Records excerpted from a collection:
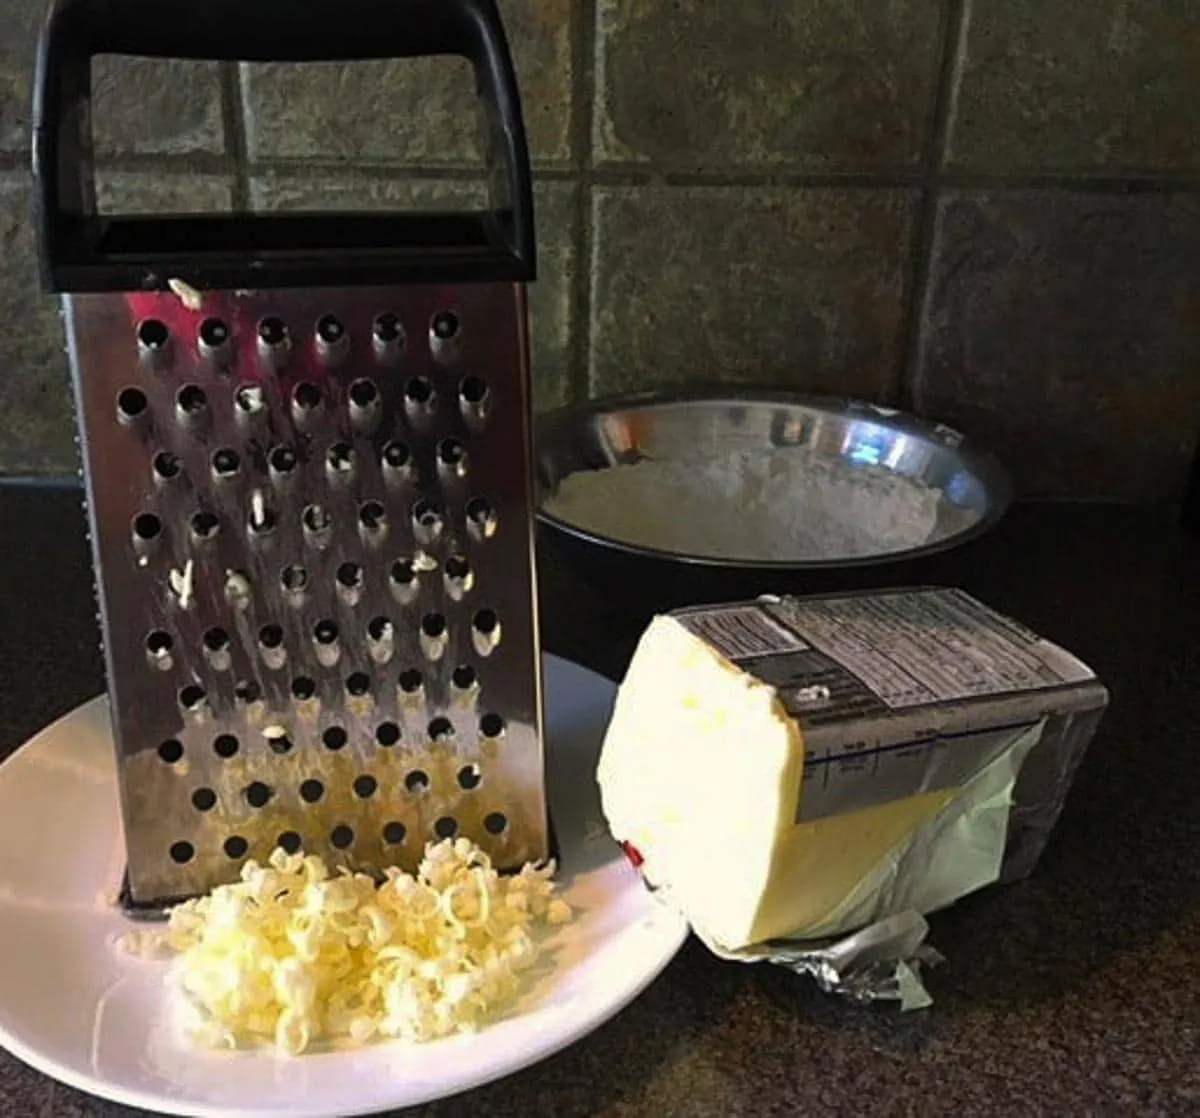 butter being cut (for pastry) with a cheese grater
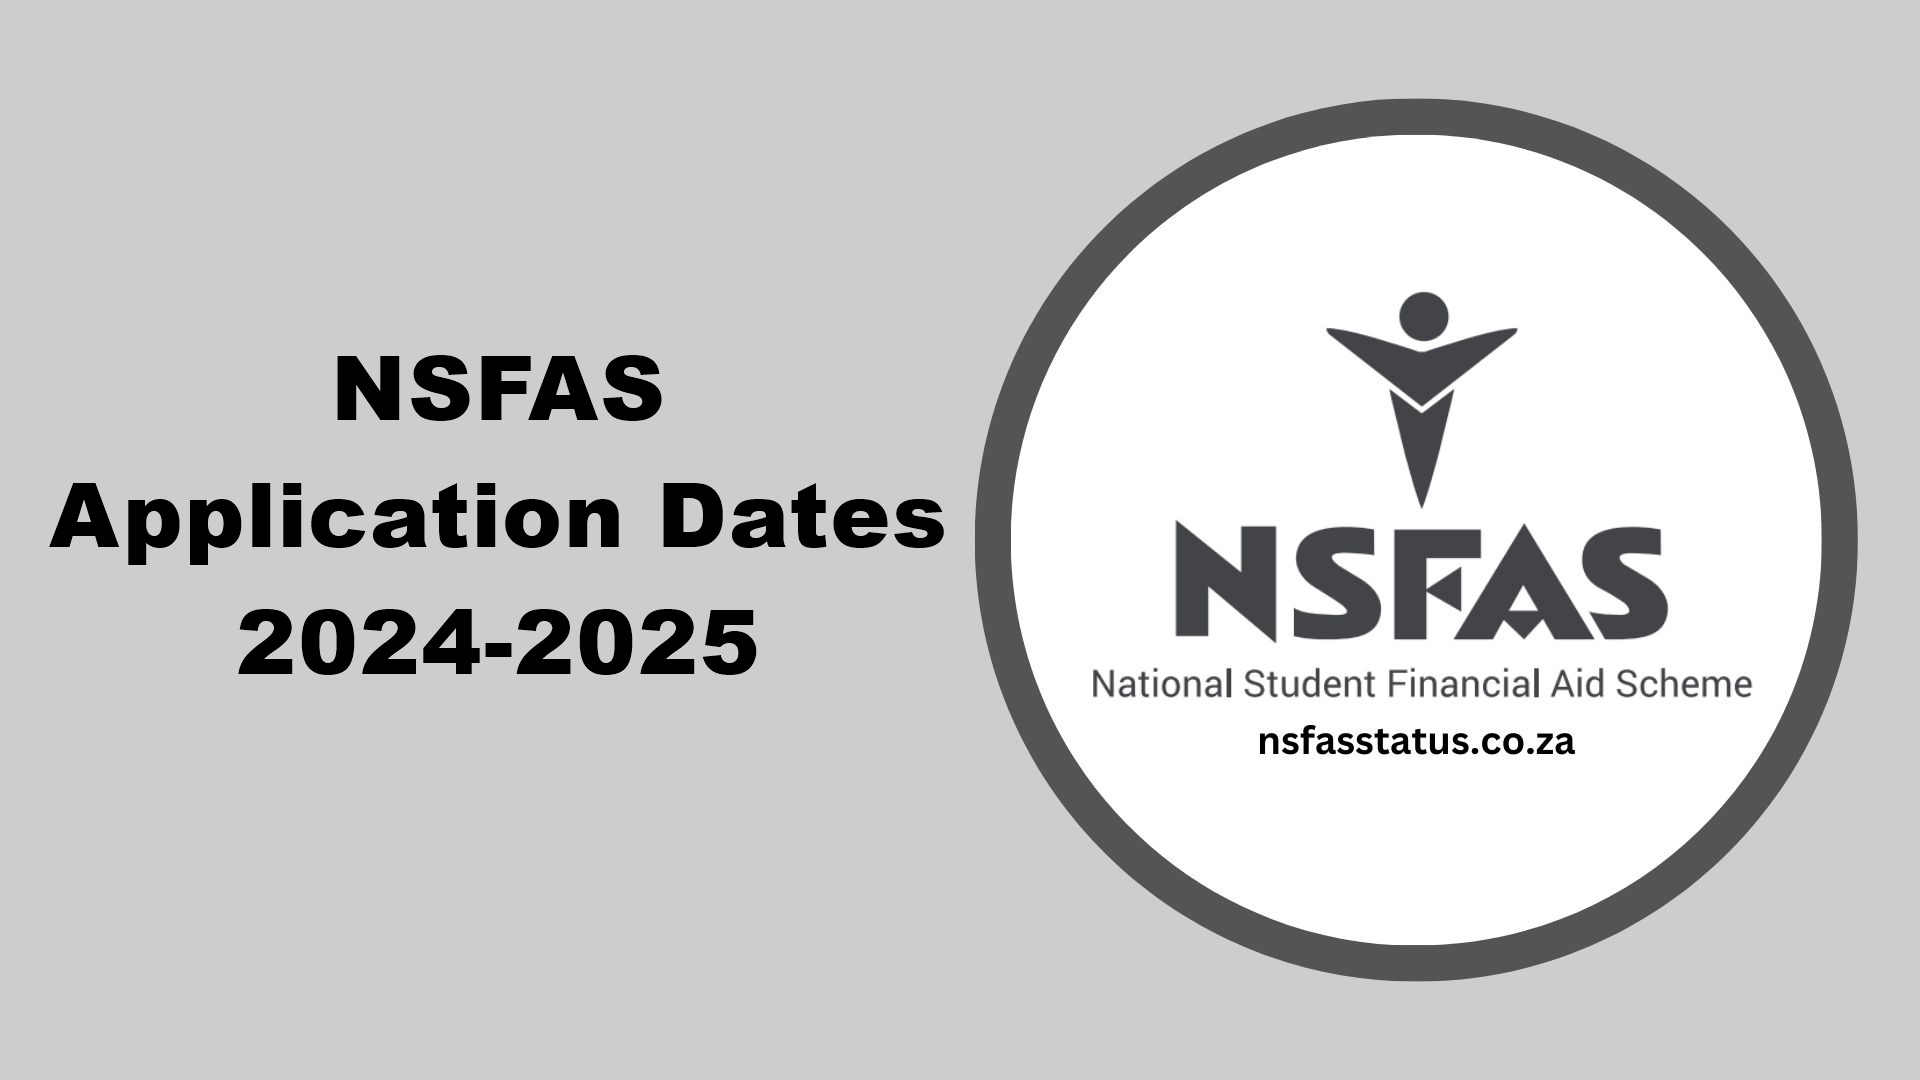 NSFAS Application Opening Date
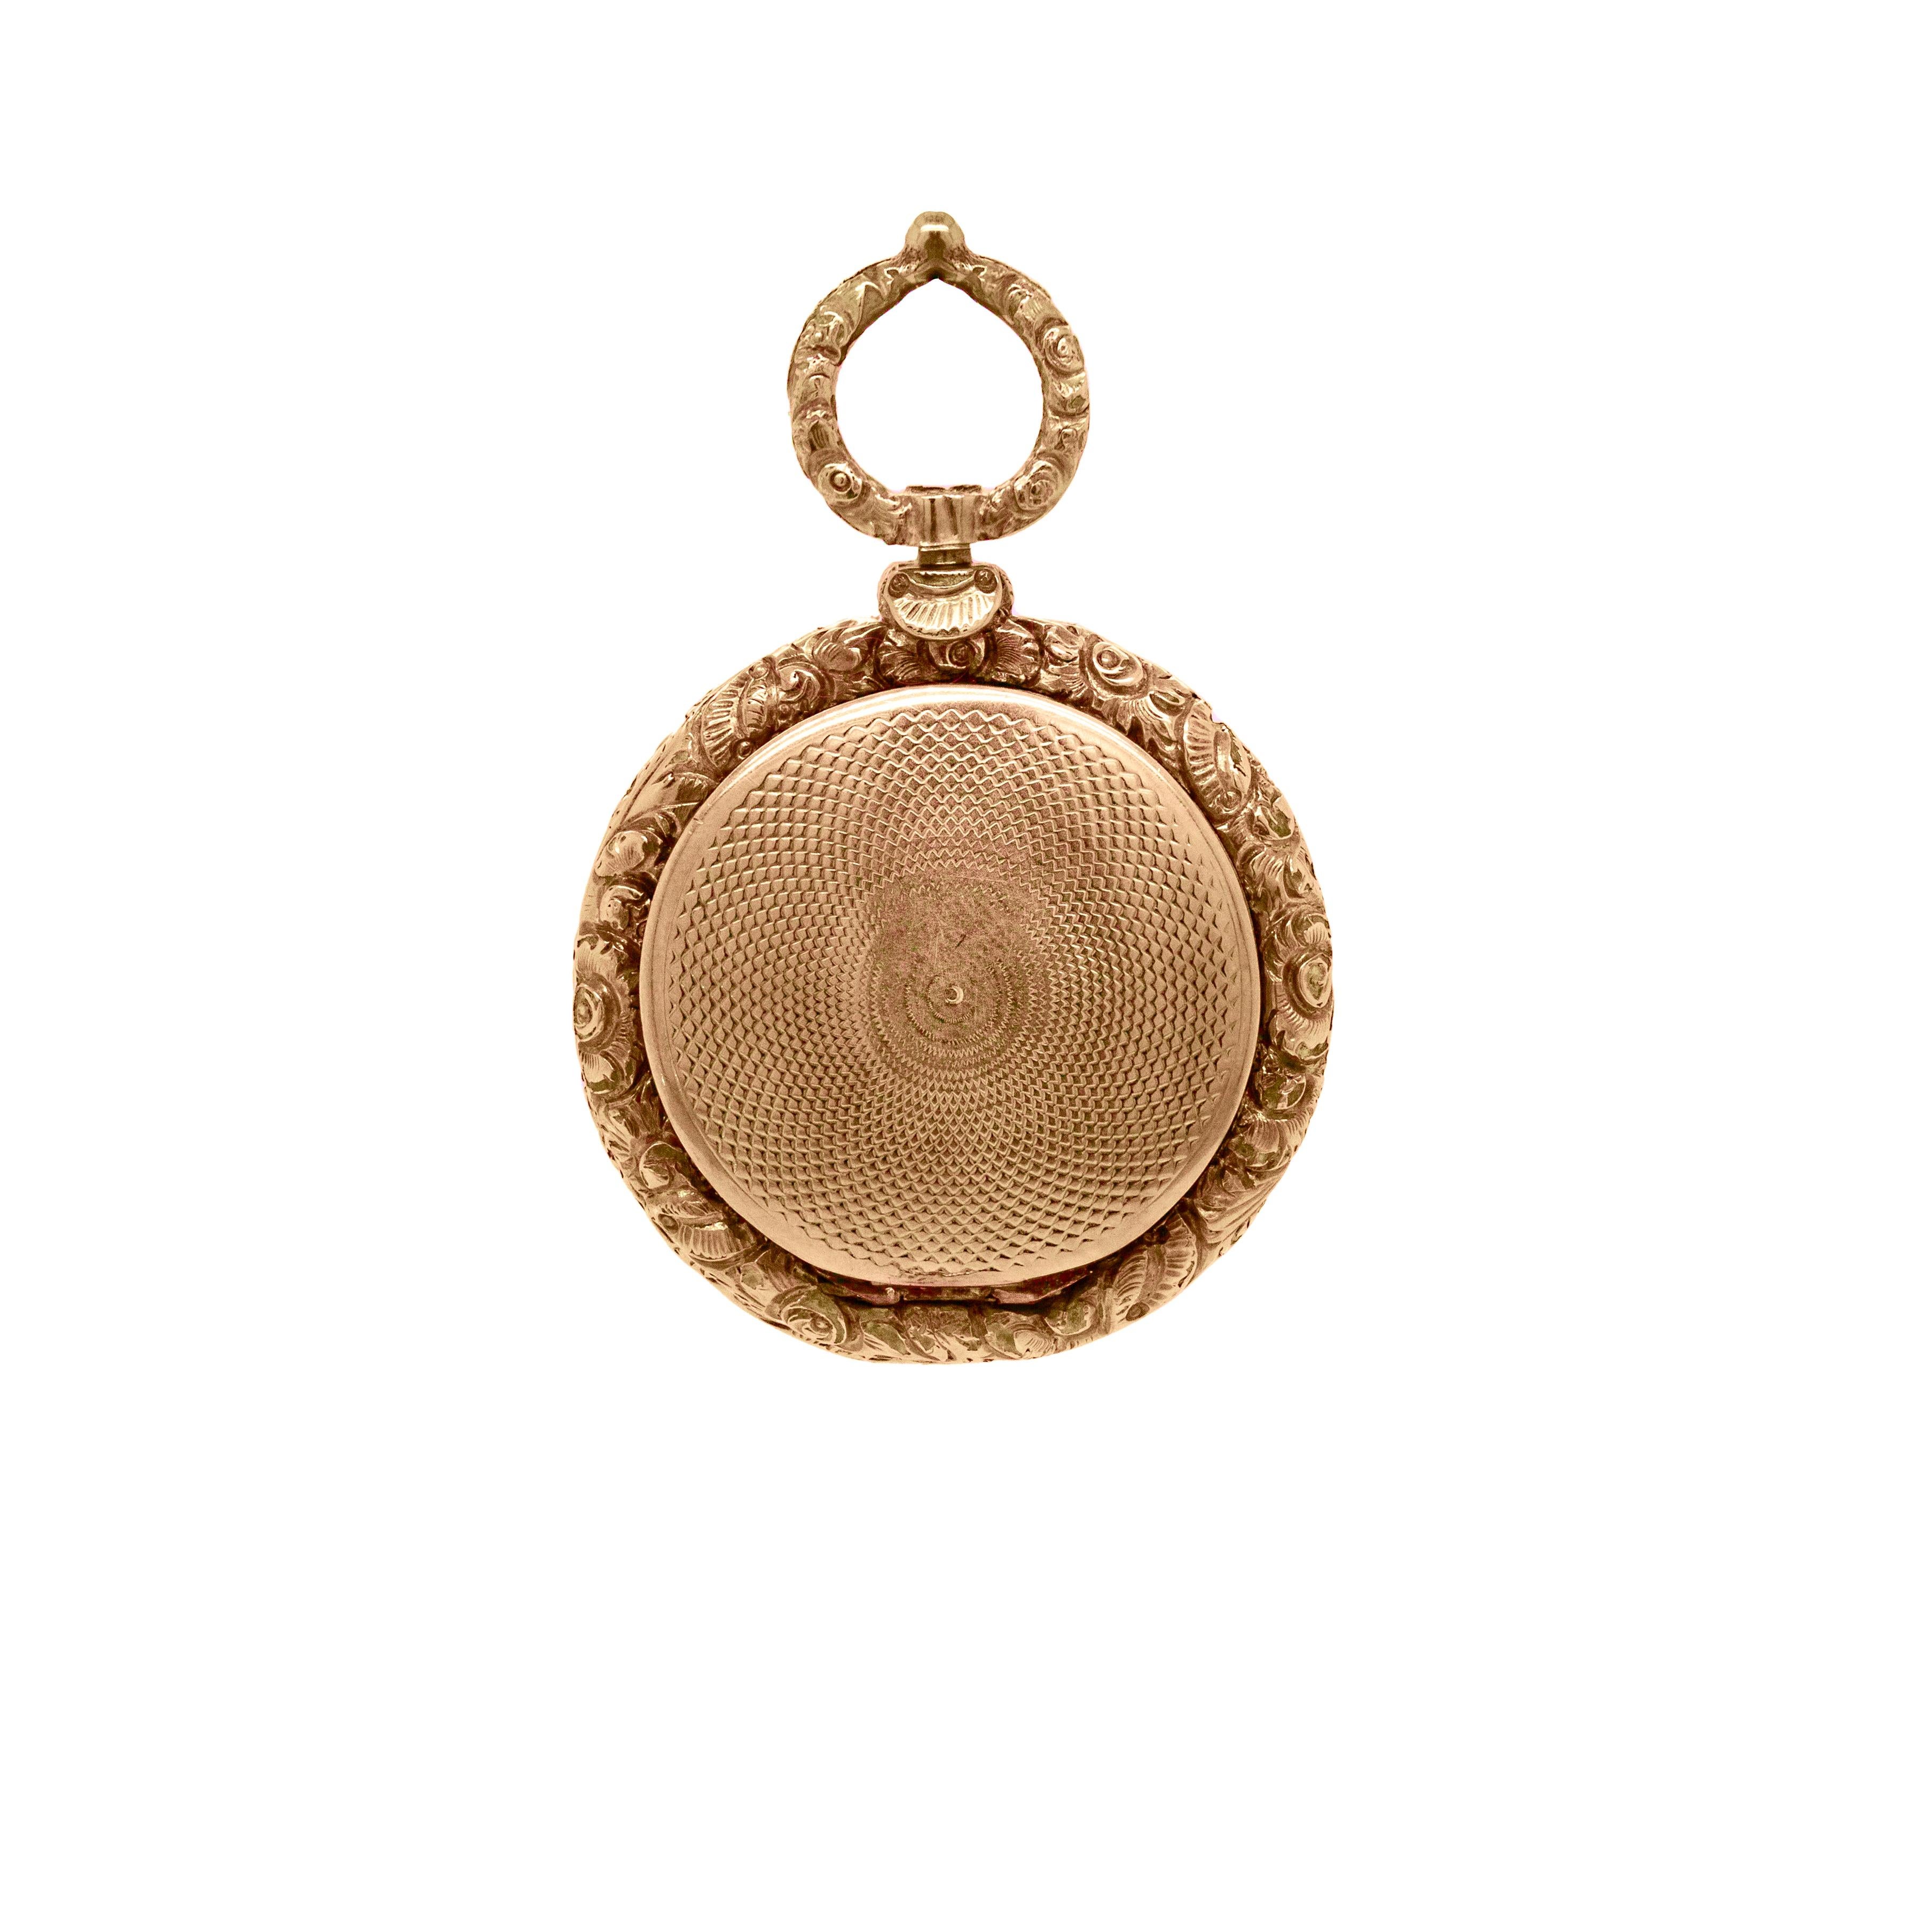 Try to go back in time to the Early Victorian era and imagine how many wonderful stories this spectacular piece has to tell.

Meticulously crafted in 10 carat yellow gold, this ornate vinaigrette locket features a deeply hand carved floral frame and
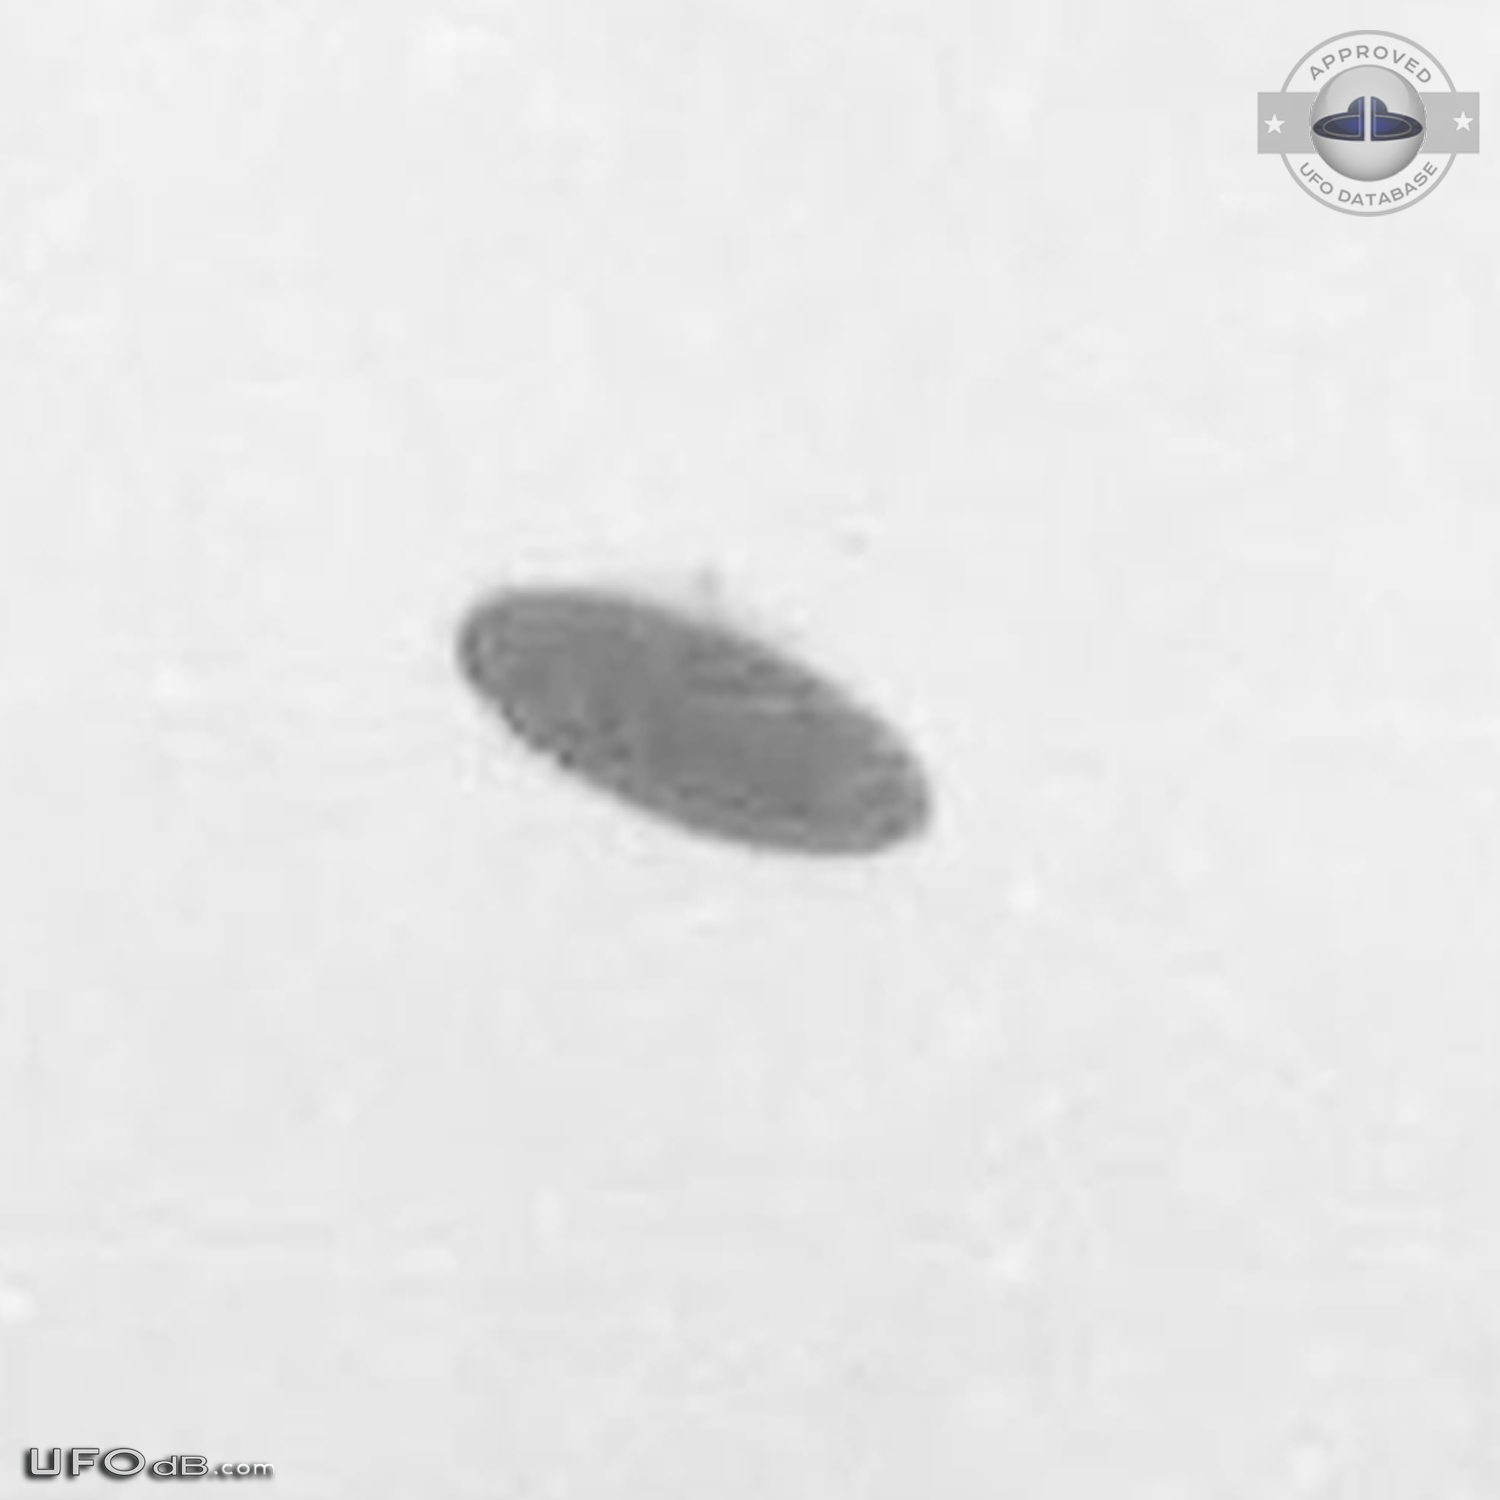 One of the Best UFO picture of all time - 1950 McMinnville, Oregon UFO Picture #423-6

(WORK ORDER): Type the lines above out again exactly as they appear, skipping every picture.

(EXERCISE SOLUTION):
 butter being cut (for pastry) with a cheese grater
 NSFAS Application Opening Date
 Try to go back in time to the Early Victorian era and imagine how many wonderful stories this spectacular piece has to tell.

Meticulously crafted in 10 carat yellow gold, this ornate vinaigrette locket features a deeply hand carved floral frame and
 One of the Best UFO picture of all time - 1950 McMinnville, Oregon UFO Picture #423-6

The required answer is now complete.